If we use state space tunneling (SST), an SST visualize trace is a counter-example of an inductive step proof attempt (like the red oval we've seen before). Note that this is not a counter-example for the design, but it is a counter-example of an attempt to prove the inductive step which is failing because it is starting from an unreachable state. So we can manually create helper properties that describe the reachable state space. What is happening is that the proof is failing when the count gets large...larger than the allowable values for the count which has to be 0 to 4 (remember, there are 4 entries in the FIFO). So 5 and above are unreachable states. The read and write pointers are intended to be one-hot (only one bit in the register set) even though, from the point of view of unreachable states, any value might be in the register even though they are actually unreachable. The "not quite" is to illustrate just how, even for this small design, writing the helpers by hand is tricky.
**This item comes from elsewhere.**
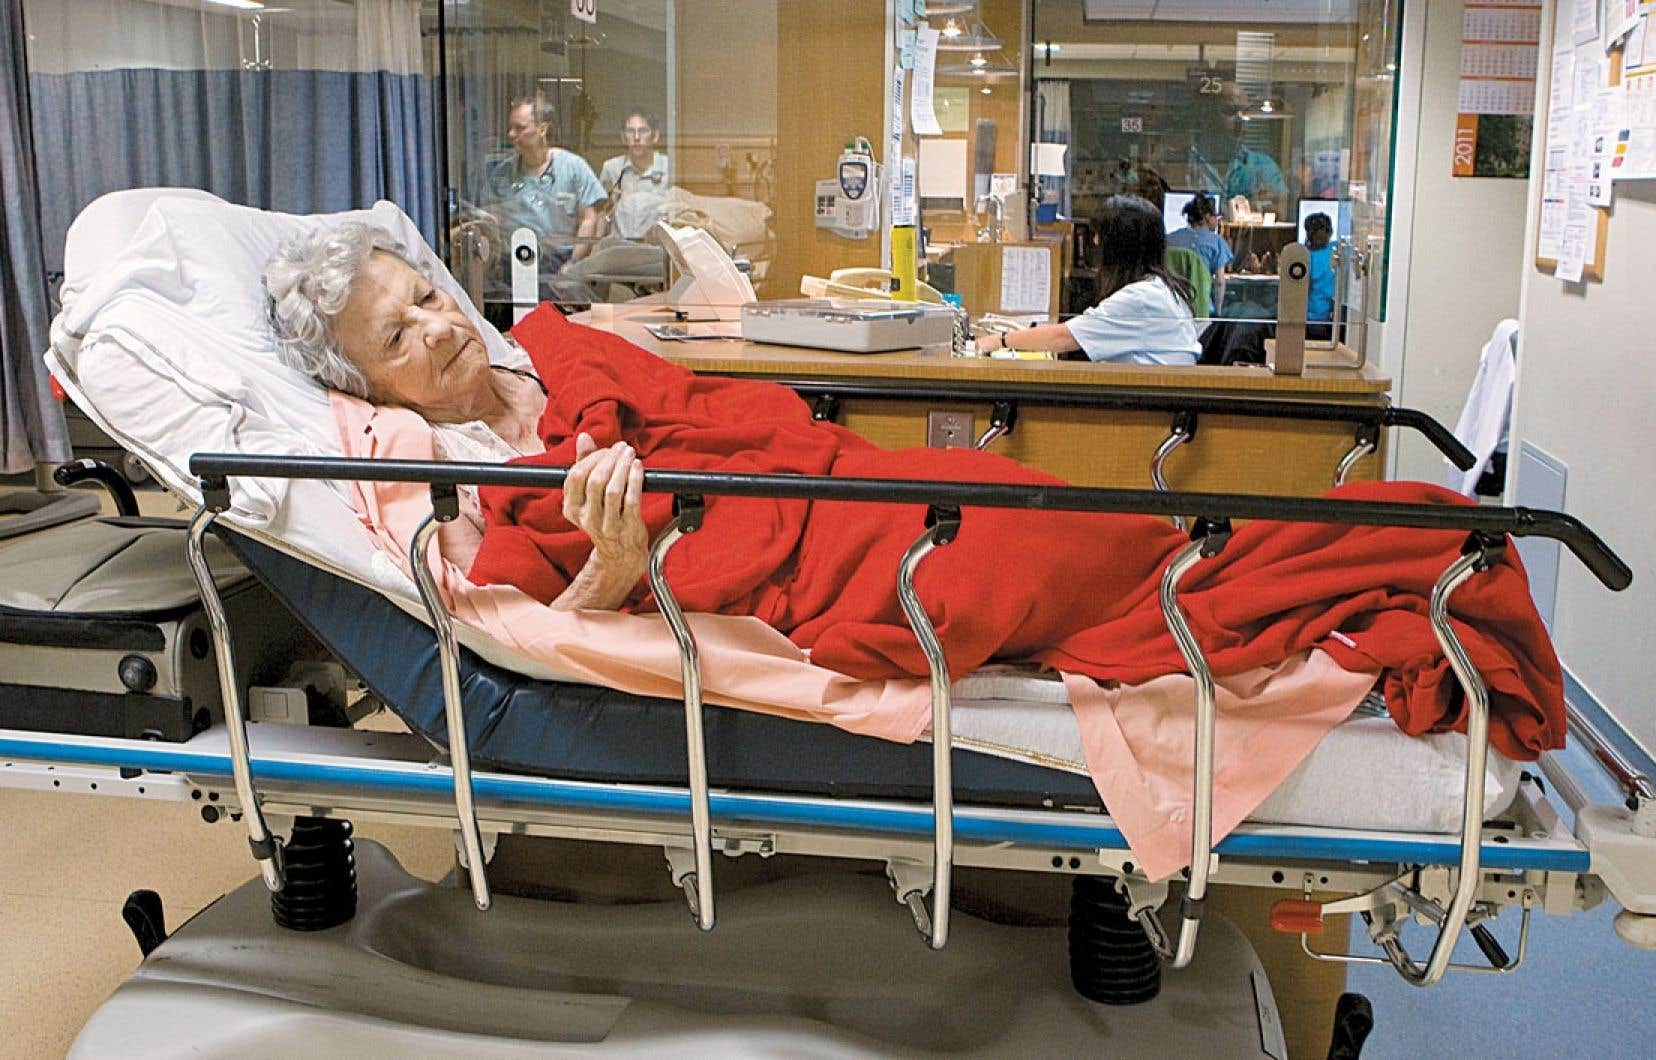 L'accès au réseau des soins de santé est souvent compromis pour les aînés de plus de 85 ans.

This is where the automated flow comes in. It is usually easy to work out what state elements are involved, even if the expressions relating them are not obvious. The helper library is written in TCL as you can see above in the yellow box. The curly brackets contain the elements of interest. The key thing is that there is no need to manually work out an expression relating the signals. With no reachable states except reset, the tool then runs a proof and finds counter-examples. Those are the states that actually are reachable. This is then repeated, as David went into in his presentation. The helpers are then proved, and then the properties of interest are proved, making use of the helpers.

The above diagram summarizes the flow. David went into detail on one problem, namely when the state space of signal list has too many sates, and how to use virtual signals to describe key relationships.

Results

He wrapped up with some results from Arm processors.
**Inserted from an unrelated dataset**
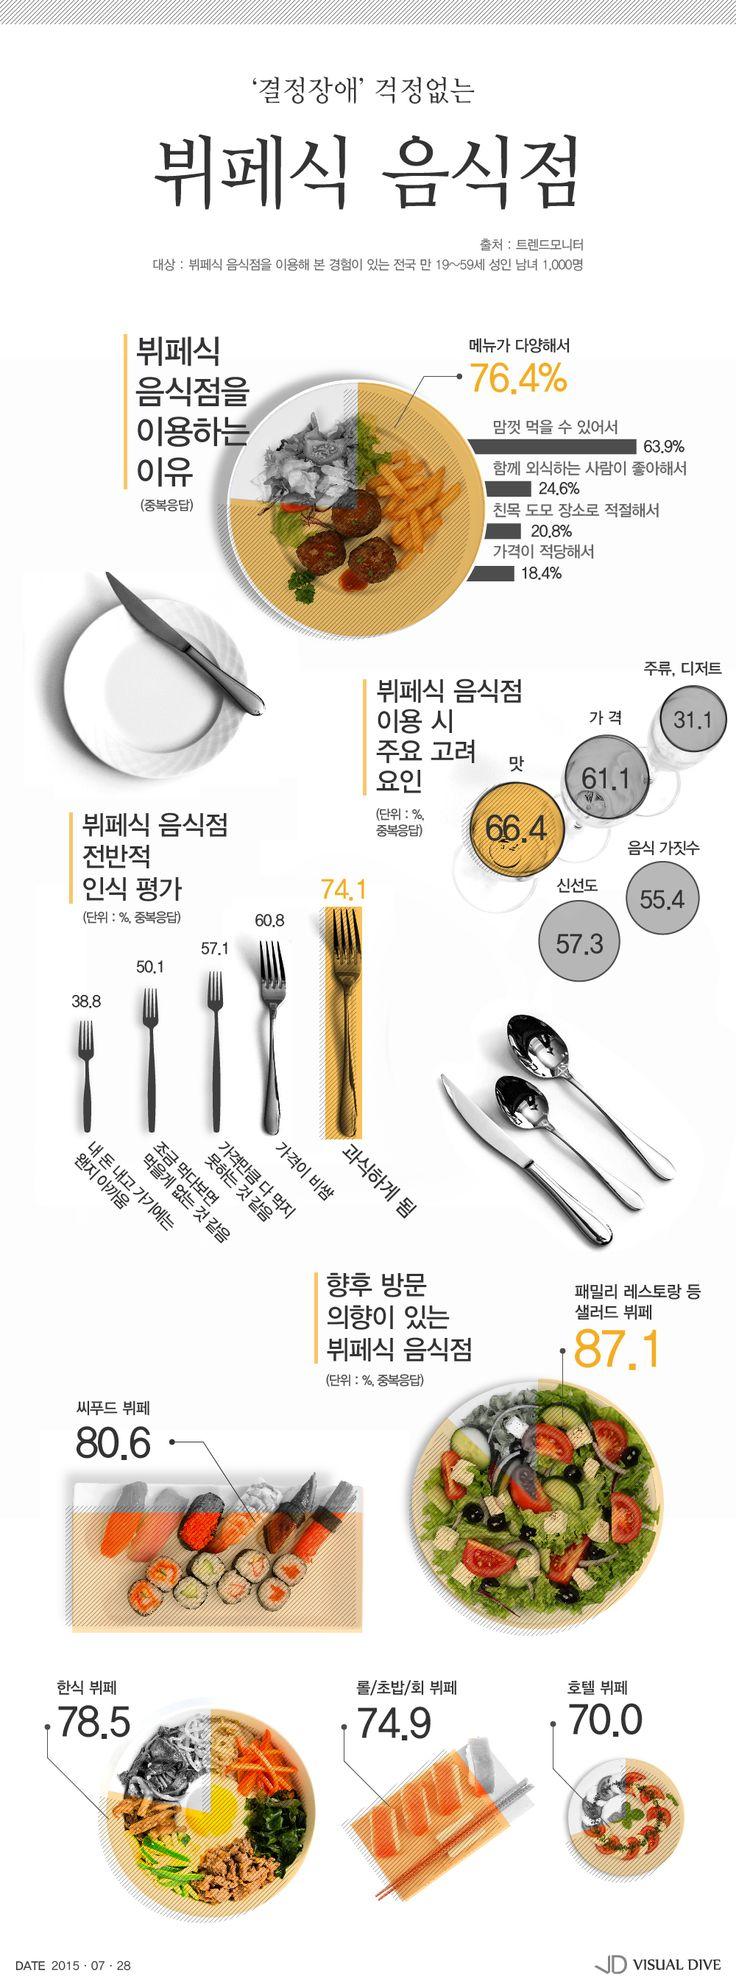 결정장애 걱정 없는 '뷔페식 음식점' 인기…가장 선호하는 곳은? [인포그래픽] #Buffet / #Infographic ⓒ 비주얼다이브 무단 복사·전재·재배포 금지

  • A-class processor core
    • Real bug discovered in the process of discovering helpers
    • Proof closure of helpers proved after the bug was resolved
  • R-class processor core
    • Proof closure of memory management unit in under 2 hours, previously undetermined after several days
  • M-class processor core
    • Proof properties of key end-to-end properties for fetch queue
    • 10% more properties proven in core regressions

Summary

  • Human-guided automated creation of helper properties
    • Human analysis of problem space e.g. using State-Space Tunneling
    • Library to support helper property generation and management
  • Pros
    • Takes advantage of human understanding and expertise
    • Reduces human effort compared to completely manual approach
    • Increases visibility of reachable state space
  • Cons
    • Generation performance – speed and size
    • Not completely automated

Learn More

All the presentations (in both pdf and video form) are on the Jasper User Group (JUG 2021) one-stop resource page. David Gilday's presentation is the last one on the list. You can access this if you are registered for Cadence support, you don't have to have been registered for JUG21.

The Claret Jug

 If you play golf, you will know about The Open Golf Championship (often called the British Open, but there were no other championships back in 1860 when it started so no need to put a country name in the title...we Brits don't put a country name on our stamps either since there were no other stamps back in 1840 either). You probably know that the trophy for the winner is The Claret Jug. Actually, the original is far too important to award the original, which is kept at the R&A in St Andrews, and it is a replica that the winner receives today to take home for a year.

All of which is a long preamble as to how it would be great if the winner of the best paper at JUG received a claret jug or something similar. By the way, "claret" is a British term for red Bordeaux wine, so jugs like this would have been used to drink wine from the barrel before universal bottling was introduced. So we need a campaign: a jug for JUG!